Pour cette saison 2, Le Magnéto change de format. Si l’idée est toujours de narrer la carrière des joueurs dont on parle finalement trop peu, il ne s’agira plus de traverser de part en part la si vaste histoire de la Grande Ligue. Désormais, chaque portrait sera l’occasion de braquer les projecteurs sur une franchise en particulier, avec l’ambition d’évoquer l’ensemble des équipes ayant un jour évolué en NBA, mais également en ABA.

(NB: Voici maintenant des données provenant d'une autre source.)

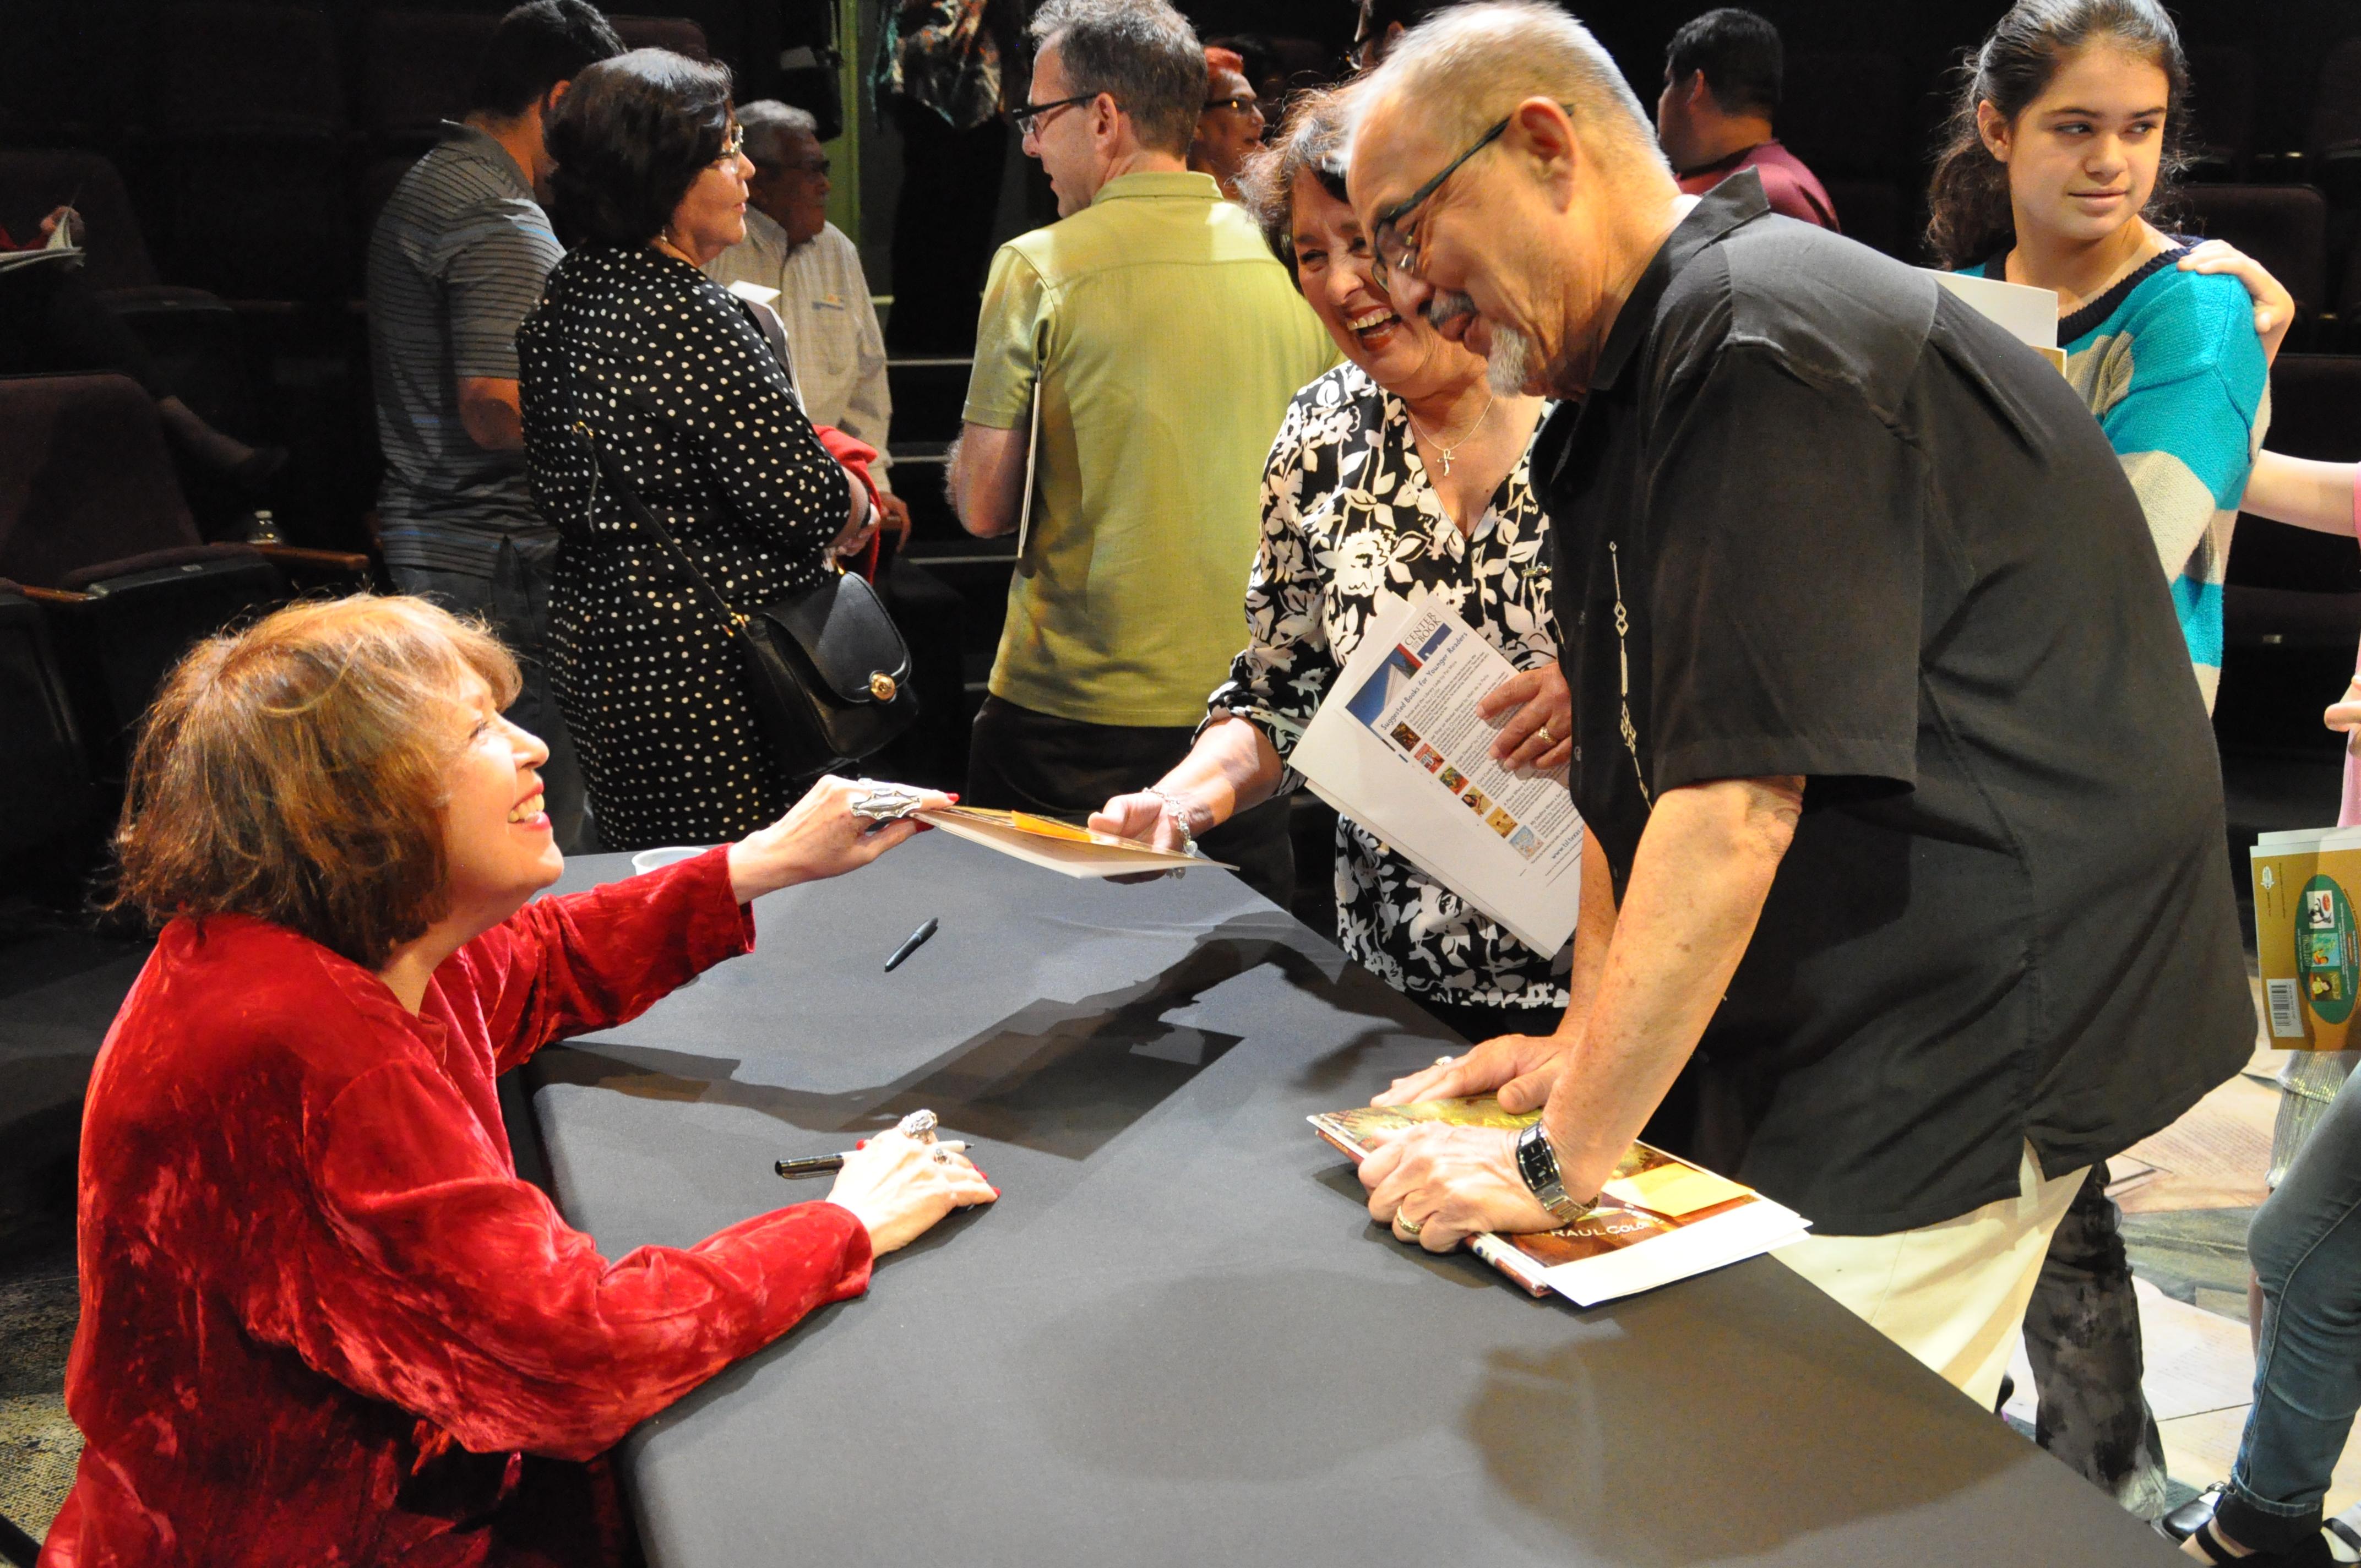 Mora at a book signing in 2015

Replongez avec nous dans ce grand voyage que constitue Le Magnéto. Dans ce 78ème épisode, narrons la carrière de Sidney Moncrief et de sa franchise de toujours, les Milwaukee Bucks.
Il était une fois dans l’Est
Wisconsin, 1968
Quelle belle journée a vécu la ville de Milwaukee ce 30 avril 1971. Moins de trois ans après la création de la franchise, le roster défile dans le downtown, bagues et trophées à la main.
Difficile d’imaginer une ascension si rapide lorsque l’on voit le temps que certaines équipes mettent avant d’obtenir le titre suprême. Pour les Bucks, l’explication se tient en quatre petits mots : Ferdinand Lewis Alcindor Junior.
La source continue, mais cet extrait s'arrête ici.